Огромный больничный город пульсировал сотнями коридоров, прозрачно сиял светлыми холлами, и каждому мог найтись в них уголок. Клиника (именно здесь после таинственного покушения лечился недавно умерший Папа) носила имя медика, ученого отца Августина Джемелли. Повсюду висели черно-белые фотографии и живописные портреты этого сдержанного мужчины в больших очках. Мало кто из рассеянных посетителей находил хоть минутку на чувство благодарности к добрейшему падре, и, уж конечно, вряд ли кто-нибудь помнил, как в момент расцвета фашизма ради усовершенствования мира он выражал пожелание смерти абсолютно «всем иудеям, распявшим Нашего Господа» в дружественном некрологе для одного из них.
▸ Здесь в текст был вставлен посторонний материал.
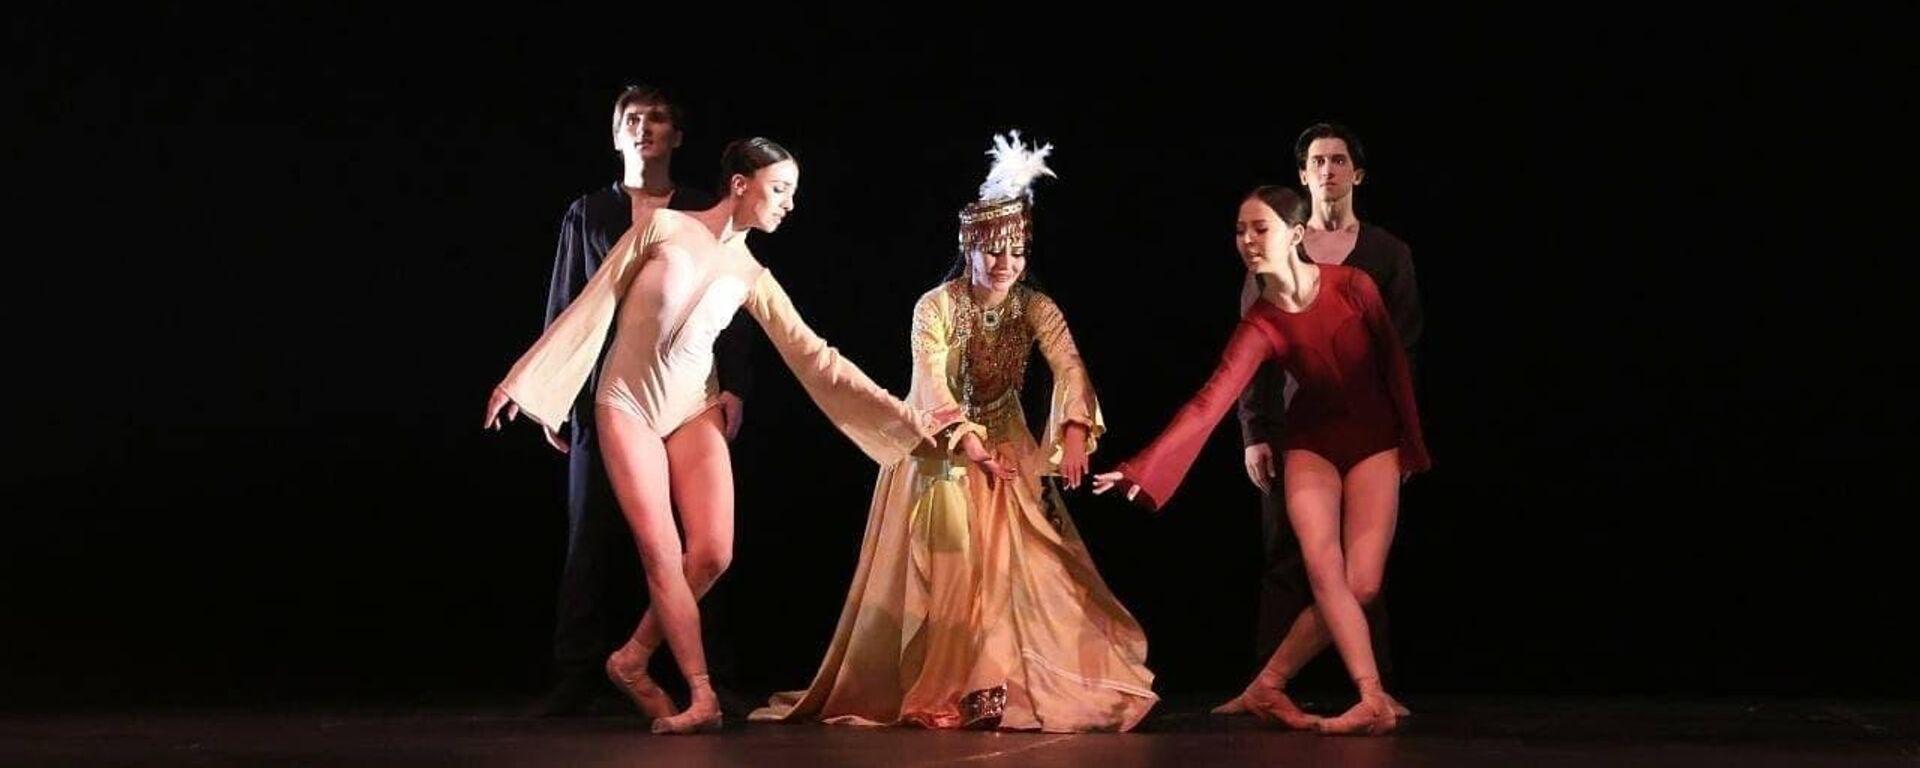 В нескольких городах России состоится постановка балета Лазги — танец души и любви - Sputnik Узбекистан, 1920, 08.10.2021

В застекленных отсеках ожидания телевизионные экраны рассылали лучи заботы. В пределах разумного, конечно: никто не стал бы здесь потчевать гостей теплыми ватрушками с дымящимся чаем, но все-таки, пусть и очень разреженно, здесь теплился уют, и в любой момент можно было оставить обширный диван ради всегда, без всякой очереди готового принять на должном уровне туалета. Это была отдельная тема в Олином, да и в любом основанном на бездомности мироздании. На холме, где она угнездилась, он существовал в античном стиле в виде ведра, которое регулярно опорожнялось под деревьями и иногда мылось под фонтанчиком. Иногда же Оля присаживалась в леске, как и миллиарды других людей, которые делают это на открытом воздухе вдоль железнодорожных путей или в пластиковые мешочки, забрасывая их потом куда подальше. Подобный метод был не намного хуже, чем принятый в культурном мире, когда по трубам из фарфоровых дырявых тронов непереваренное достигает рек, озер и морей. Пожалуй, он был даже откровеннее, экологичнее, но сколько можно заниматься благотворительностью ради окружающей среды? В конце концов, и Оле хотелось расслабиться и хотя бы иногда почувствовать себя привилегированной, вроде какой-нибудь актрисы или буржуазной госпожи, что, слив воду, сразу же забывает о своих неловких и не подобающих ей действиях. Перед тем как организовать себе рабочий пункт у Петра, каждое утро, кособоко проскочив мимо смотрительницы, Оля проводила время в открытом уже с восьми общественном клозете. Летом у раковин там даже можно было устроить постирушку, а потом развесить белье на ручке колесной сумки или разложить на горячих каменных скамьях. В Джемелли же было по туалету аж на каждом этаже, и все они были хороши.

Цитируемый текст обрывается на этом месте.